With Azure Data Factory (ADF), Microsoft has transferred the features of a classic data warehouse to the cloud. The newer service Azure Synapse Analytics (Azure Synapse) goes a step further and combines data warehousing with big data and data science. An example with data from a standard fitness tracker, Xiaomi Mi Fit INTELLI-Band 4, shows how the cloud service can be easily used for code-free data integration and analysis.
Use cases from practice
Azure Synapse is basically built on the same data integration engine and offers the same work environments as ADF, but lacks features around integration runtime and Power Query. Spark pools and data flow monitoring, on the other hand, are only available in Azure Synapse. The following practical example uses the Azure Synapse Batch ETL Pipeline including the serverless SQL resource models.

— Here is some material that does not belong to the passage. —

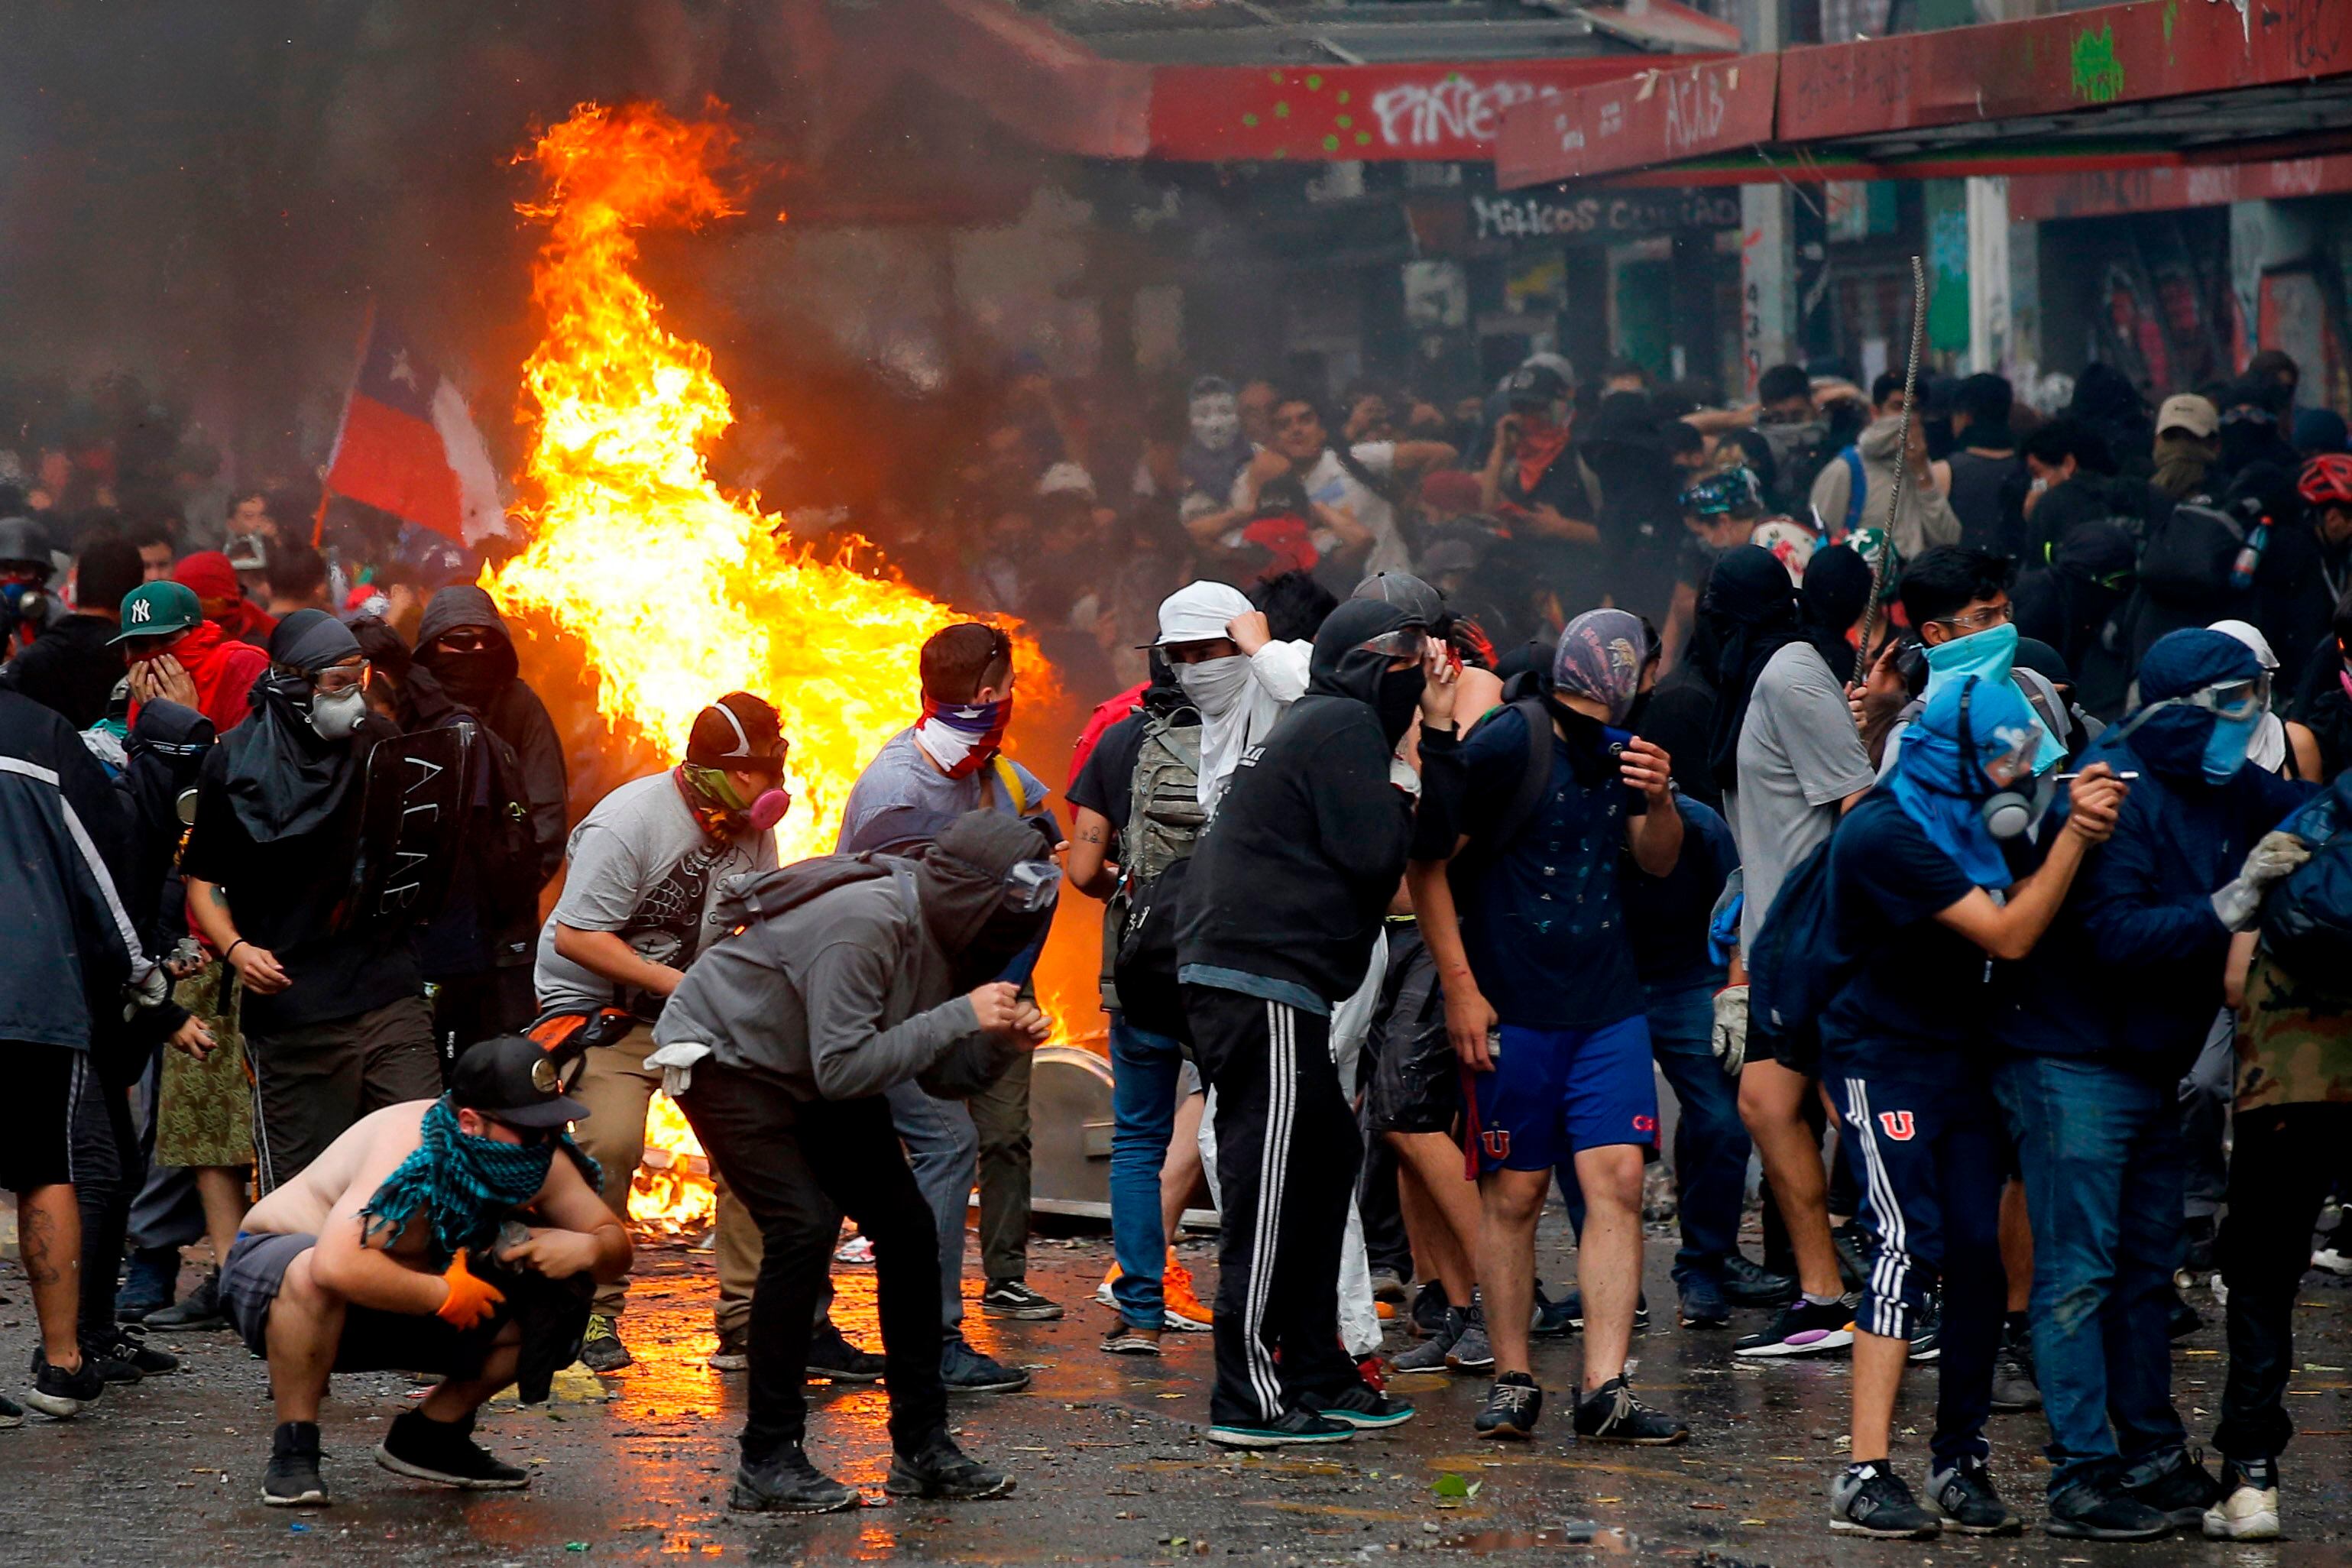 Demonstrators clash with riot police during a protest against the government of Chilean President Sebastián Piñera in Santiago, on November 8, 2019. (Photo: AFP / JAVIER TORRES)

The data to be analyzed comes from the fitness tracker from Xiaomi and includes daily activity (number of steps and distance traveled per day) and sleep activity (deep sleep and light sleep). Although the Mi-Fit app on the one hand also provides statistics and on the other hand suitable data for the analysis can be found in publicly available sources on the internet, the author as an experimental data engineer prefers to play with his own data.
The data can be uploaded as two CSV files to Azure Blob Storage, where the Azure Synapse Pipeline extracts, transforms and merges them into a single CSV file. The data in the serverless Azure Synapse SQL pool is then analyzed (Figure 1).
The amount of data is manageable, which is an advantage for the serverless Azure Synapse SQL pool because it is only billed after use. The details of a practical example at the end of the article show what costs may actually arise.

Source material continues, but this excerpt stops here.